GetUp! disclosed $555,000 in expenditure for 2006-07 (pdf). Their return highlights the complexity of calculating the amounts required by the legislation, with separate line items for campaign advertising, contractors and consultants, legal costs, postage and shipping, printing and stationery, research, salaries and wages, superannuation, telephone and internet, travel expenses, and website costs; some have 33% apportionments. There were many hours wasted calculating all that I expect.

GetUp! also had to disclose some of their donors. The ubiquitous multi-millionaire lefties Evan Thornley and his wife Tracey Ellery kicked in $85,000, but they were less generous than authors Susan Varga and Anne Coombs, who put in $90,000, $70,000 of which was for a David Hicks campaign. Deanne Weir – Google suggests she used to work for broadcaster AUSTAR – put in $25,000 and SJ Killelea (perhaps this guy) put in $70,000 to their Senate campaign. I’m curious to know who funds groups like GetUp!, but I don’t think these people should have to disclose their identities unless they consent.

The AEC election expenditure returns reveal no scandal except that the provision requiring it was passed in the first place.

For the Coalition, the disclosure provision will almost certainly end up being self-defeating. Sure, it did cause various leftist groups to waste time filling in forms. But most of them will have no political problem with disclosing the spending or donors; that they spend is obvious and most of the donors already have well-known political allegiances. But for potential right-wing donors facing coast-to-coast Labor governments disclosure is likely to an issue; as the very generous donations to the NSW ALP in particular indicate winning Labor’s favour is necessary to doing business there. With federal Labor threatening to slash the threshold for disclosure, even quite small donors will be caught in the law’s net.
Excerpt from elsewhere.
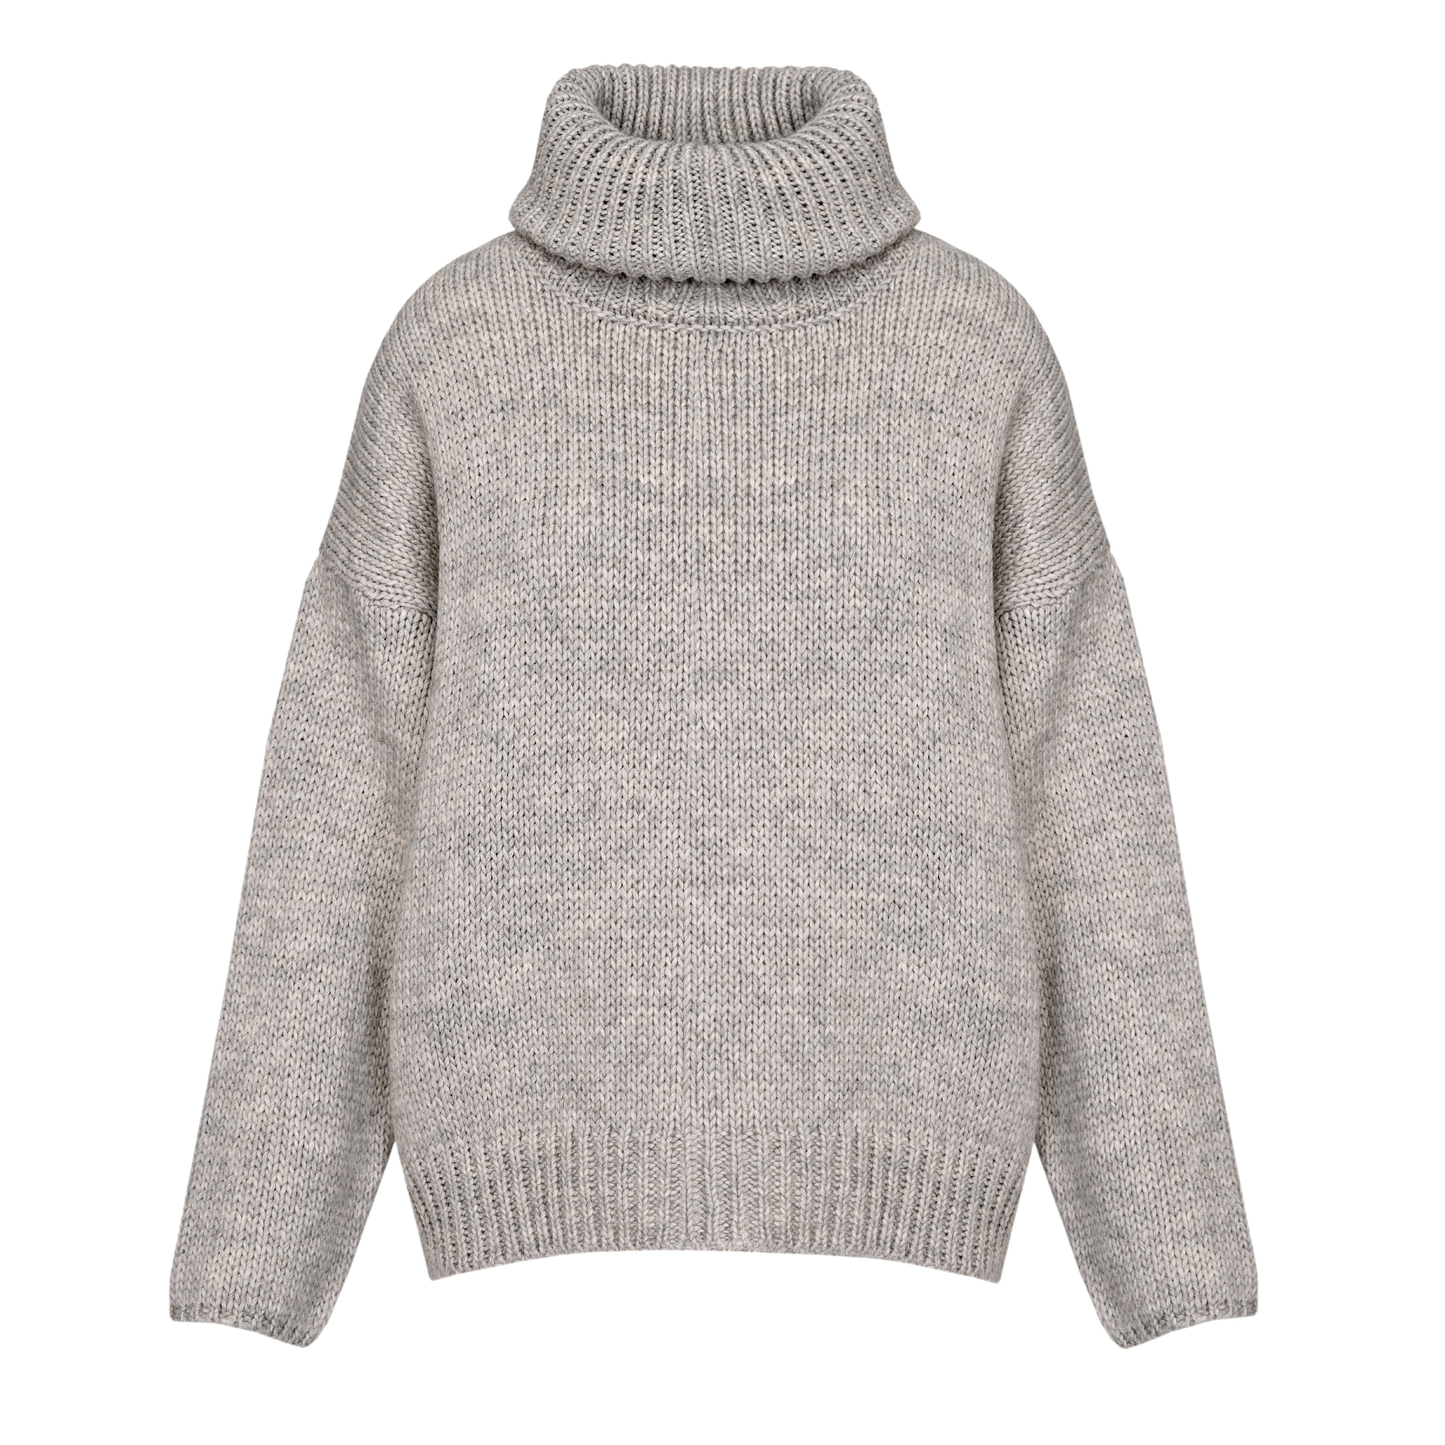 Oven Beige sweater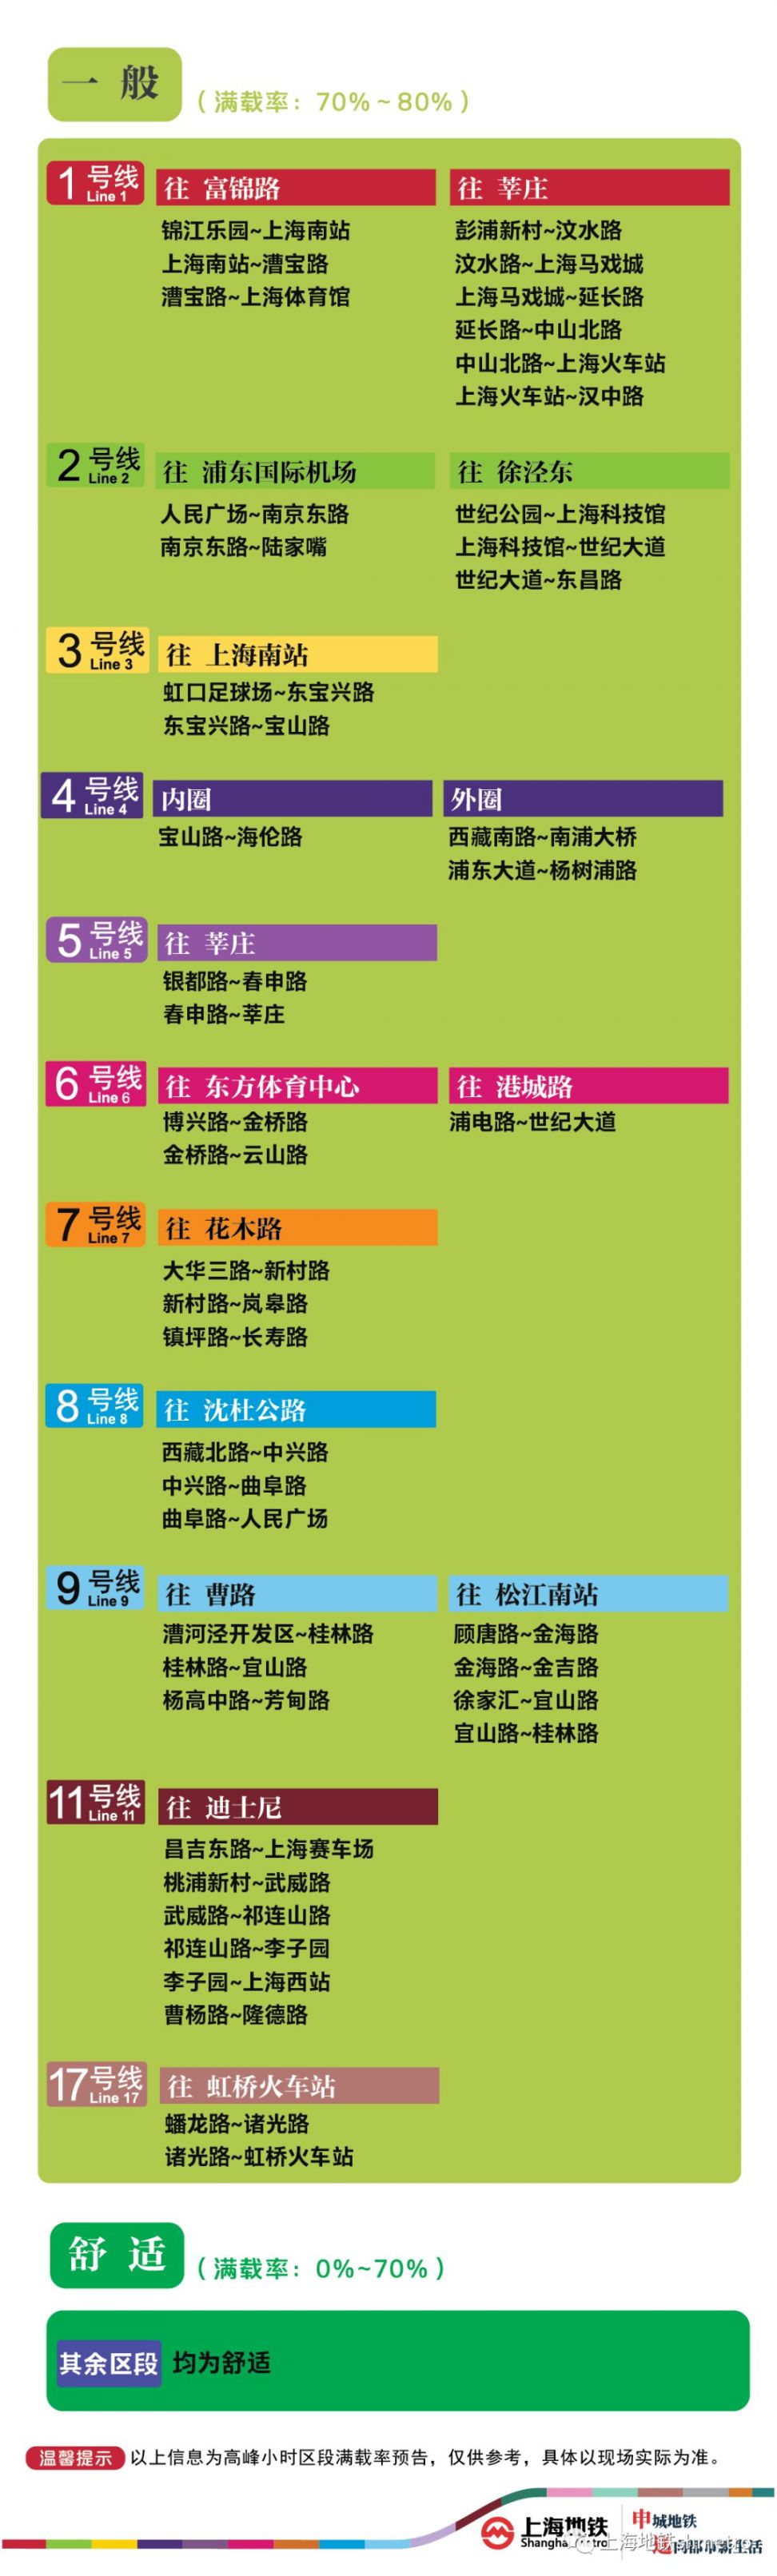 10月23日上海8座地铁站早高峰限流(附舒适度)

Combined with the normal political donations data released at the same time, this AEC information confirms that the left in Australian politics can and does massively outspend the right. The Coalition’s short-sighted and misguided changes to the Electoral Act in 2006 risk making the imbalance even worse.
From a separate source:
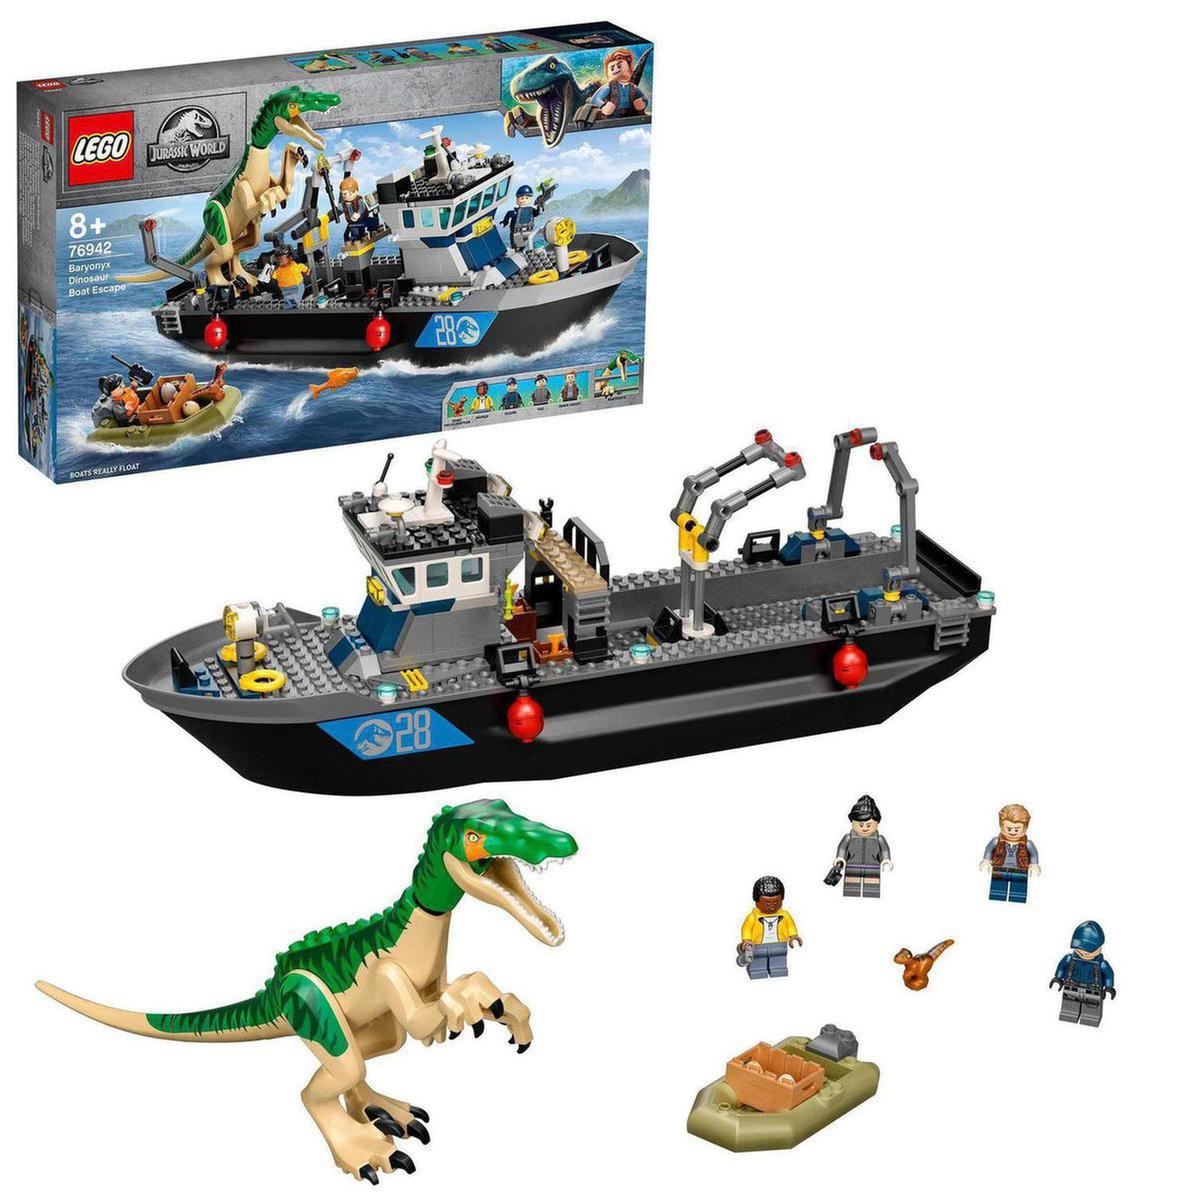 Jogo Ps3 Dinossauro De Lego: comprar mais barato no Submarino

16 thoughts on “The Coalition’s self-defeating political expenditure laws

  1. You making it tough on law and order types. I’d like nothing better than having seditious criminals locked up. 🙂

    I see, for example, Oxfam spent heaps of money on the election. In that sense I think this is a usual exercize – charities should fully report on every dollar they spend, and the purpose of that expenditure. Given the kerfuffle over political donations and the promise to wind back that law, it’ll be interesting to see if the ALP winds back this one. I suspect they won’t – they might redefine things a bit so recalcitrant editors don’t get arrested.


  2. Sinc – I can’t see why there should be obligatory disclosure for charities. While it may be generally desirable for charities to report on their activities to their supporters, who can then be assured that their money is being spent effectively and appropriately, they should not be forced to do so. Those who fail to explain themselves will presumably lose support.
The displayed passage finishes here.